- Origin: Seattle, Washington, United States
- Genres: Alternative rock, psychedelic rock
- Years active: 1980–1988
- Label: C'est La Mort Records
- Members: Ron Nine Scott Boggan Shawn Allen Michael Laton Scott Vanderpool

= Room Nine =

American rock band

Room Nine was a Seattle based rock band active from the early-to-late 1980s. Contrary to many of the bands in Seattle at the time, Room Nine had a much airier and psychedelic approach to their music. Although they never found the success of their peers, Room Nine was one of the early pre-grunge era Seattle bands that helped lay the groundwork for much of the later scene.

==History==
Room Nine was formed in the early 1980s by Sammamish high school friends Ron Rudzitis (a.k.a. Ron Nine), Scott Boggan and Scott Vanderpool with light design guru Michael Laton added as the band's de facto light designer. Contrary to many of the bands at the time, Room Nine was influenced much more by psychedelic rock than punk rock.

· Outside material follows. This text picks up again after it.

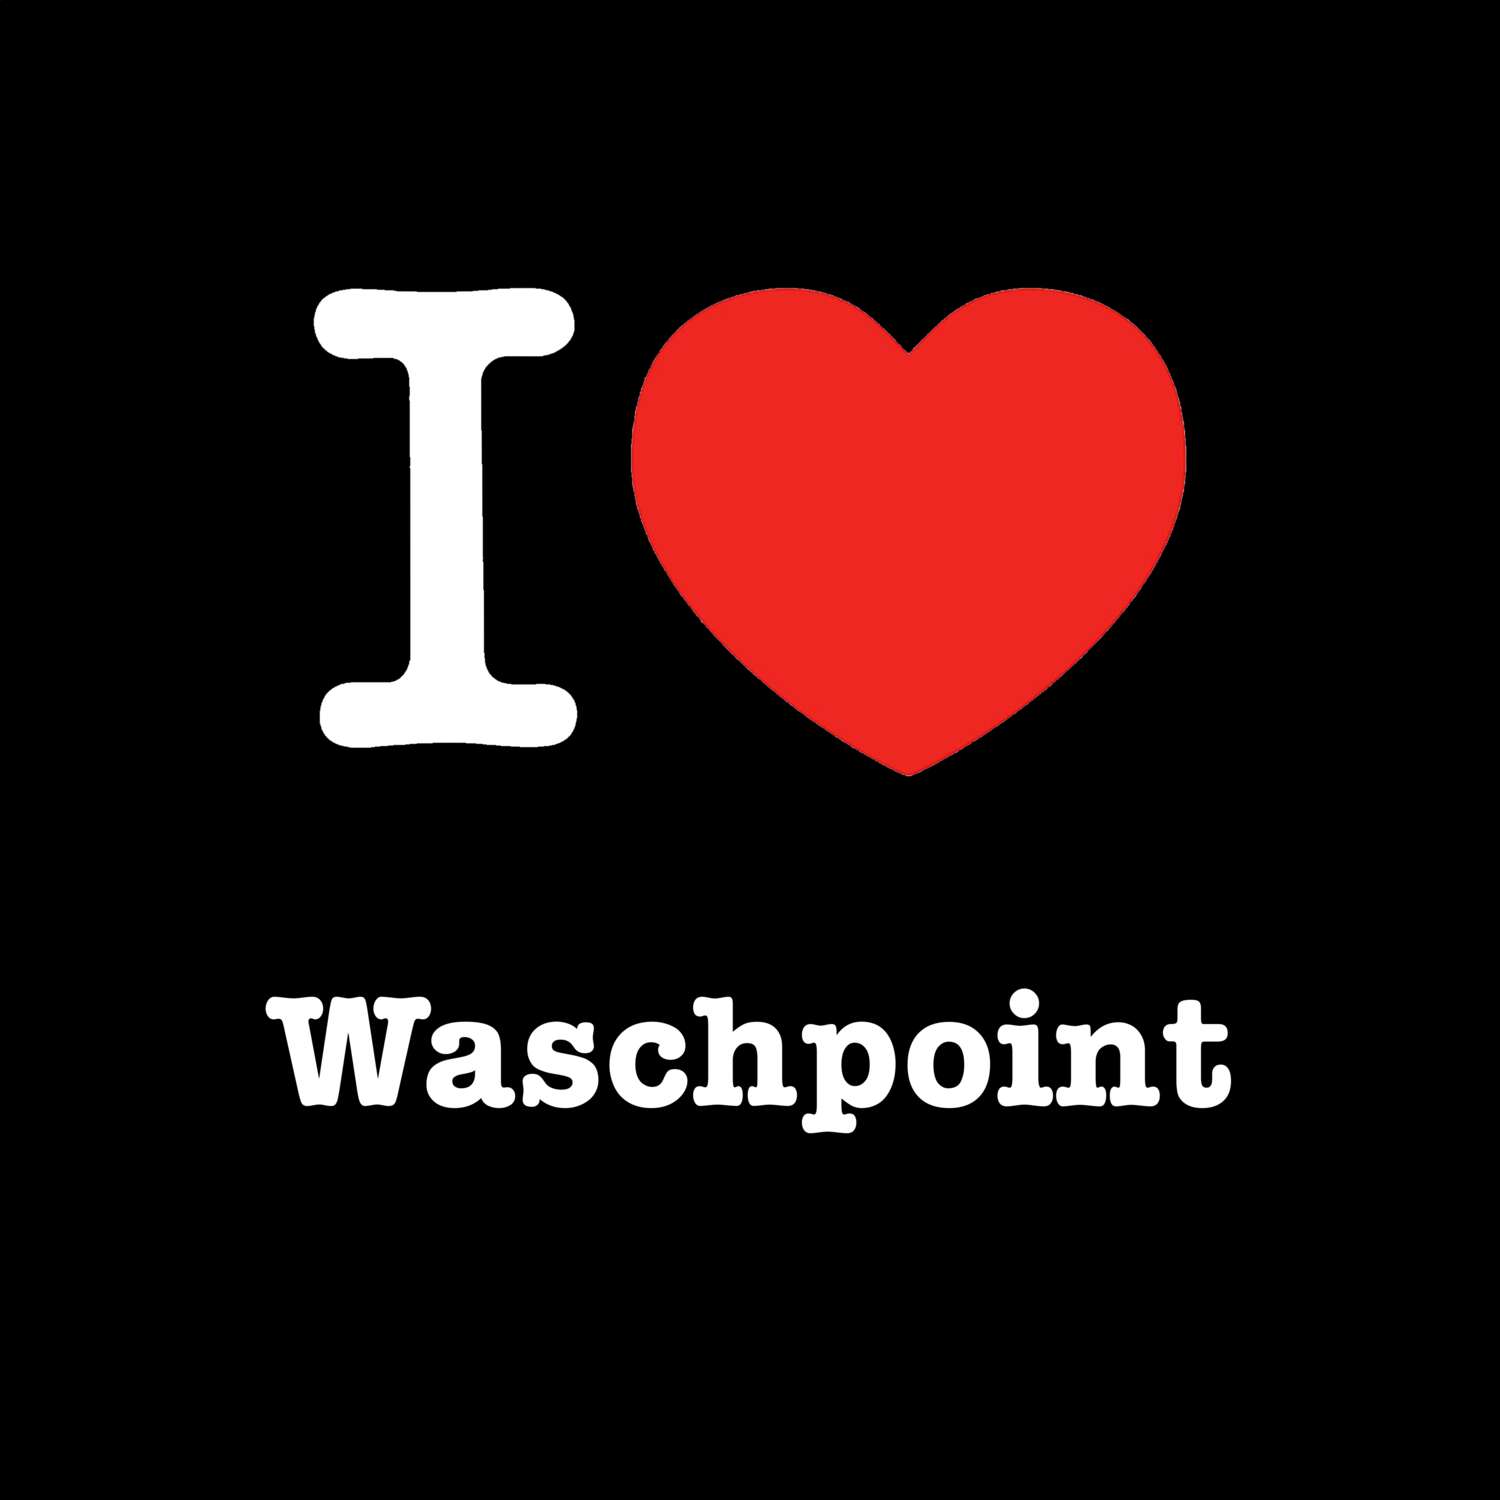 Waschpoint T-Shirt »I love«

Vanderpool suggested the band's name from the door of their portion of the beehive that was Seattle Rehearsal Studios near Gas Works Park. During Room Nine's early days, Rudzitis and Boggan's home was called the Room Nine House, a place where local musicians and friends would socialize after gigs. Rudzitis shared the home with Feast drummer Dan Peters (later of Mudhoney and Love Battery), renowned Seattle photographer Charles Peterson, artist Ed Fotheringham, occasionally Vanderpool and other scenesters. In his foreword to Charles Peterson's 1995 photo journal Screaming Life, author Michael Azerrad later cited the Room Nine house as a key part to the formation of Seattle's music scene. Sometime before 1984 original drummer Scott Vanderpool left to head for The Evergreen State College in Olympia, where he immersed himself in that town's burgeoning music scene. He met Bruce Pavitt (Sub Pop) and Calvin Johnson (Beat Happening, K Records), started the Young Pioneers with Brad Sweek and Chris Pugh (Swallow, Saba, Sun May) and was instrumental in the formation of the legendary Tropicana nightclub, where his old band Room Nine would play regularly. He was replaced by new drummer Shawn Allen, who would stay with Room Nine until the end.

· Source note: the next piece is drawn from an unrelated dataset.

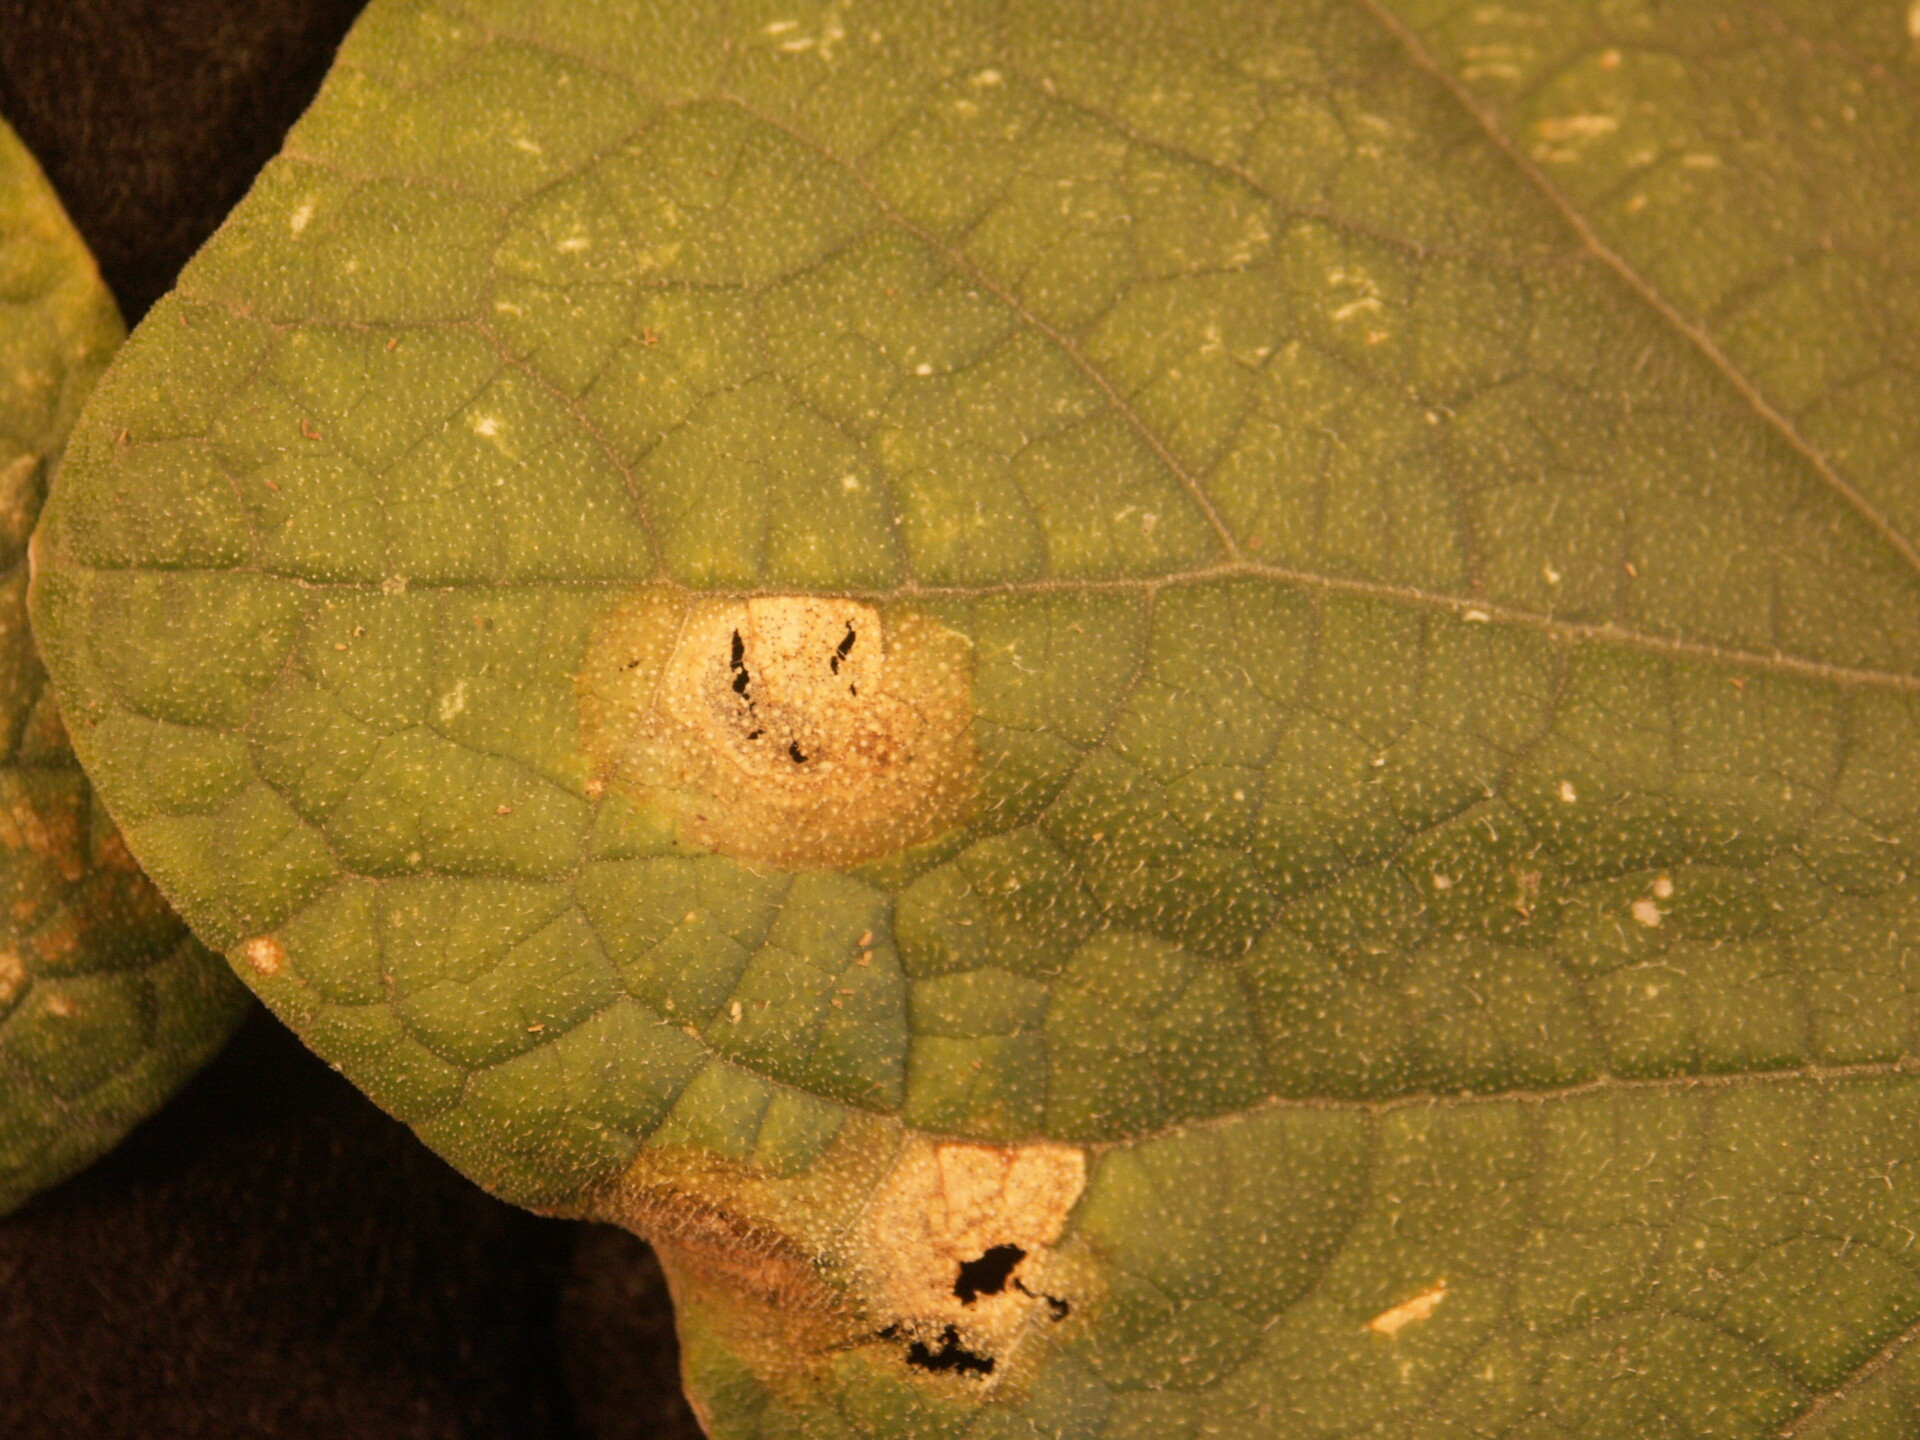 Gummy stem blight lesion on cucumber leaf.

In 1986, the band also signed to the tiny Louisiana based indie label C'est La Mort, appearing on the first installment of the label's Doctor Death series later in the year. In 1987 the band recorded and released the critically acclaimed Voices...On a Summer's Day LP. The track "Seas Without a Shore" was a hit on college-radio stations, and the band took second place in the Campus Voice Magazine/Snickers Candybar "New Music Search for the best unsigned band in America" (a contest won two years later by Vanderpool's future wife Laura Weller's band Capping Day). By 1988 the band had broken up however with each of its members going separate ways (Rudzitis onto Love Battery, Vanderpool onto Chemistry Set and radio DJing, Boggan briefly played in Black Sea with Michael Faulhaber and Danny Kelly (Heliotroupe), and then into the computer industry), and Allen into Peach and Cantona.

In the early 2000s (decade), Rudzitis, Laton, Boggan and Vanderpool reconvened under the new name 'Down With People' and began performing shows around the Seattle area. Currently the band is recording an album to be released on the Flotation Records label.

==Influences==
Room Nine cited influences including Rain Parade, the Dream Syndicate, the Beatles the Yardbirds, Jimi Hendrix, Led Zeppelin, Cream, the Gun Club and punk rock.

==Band members==
- Ron Nine (b. Ron Rudzitis) - vocals, guitar
- Scott Boggan - vocals, bass
- Scott Vanderpool - vocals, drums (1980–1986)
- Shawn Allen - drums (1986–1988)
- Michael Laton - light design

==Discography==

===Albums===
- Voices...Of a Summer's Day (C'est La Mort Records, 1987).

===Compilation/soundtrack contributions===
- "Angels Sing" on Doctor Death's Volume I: Cette Enfant me Fia Mourir (C'est La Mort Records, 1986).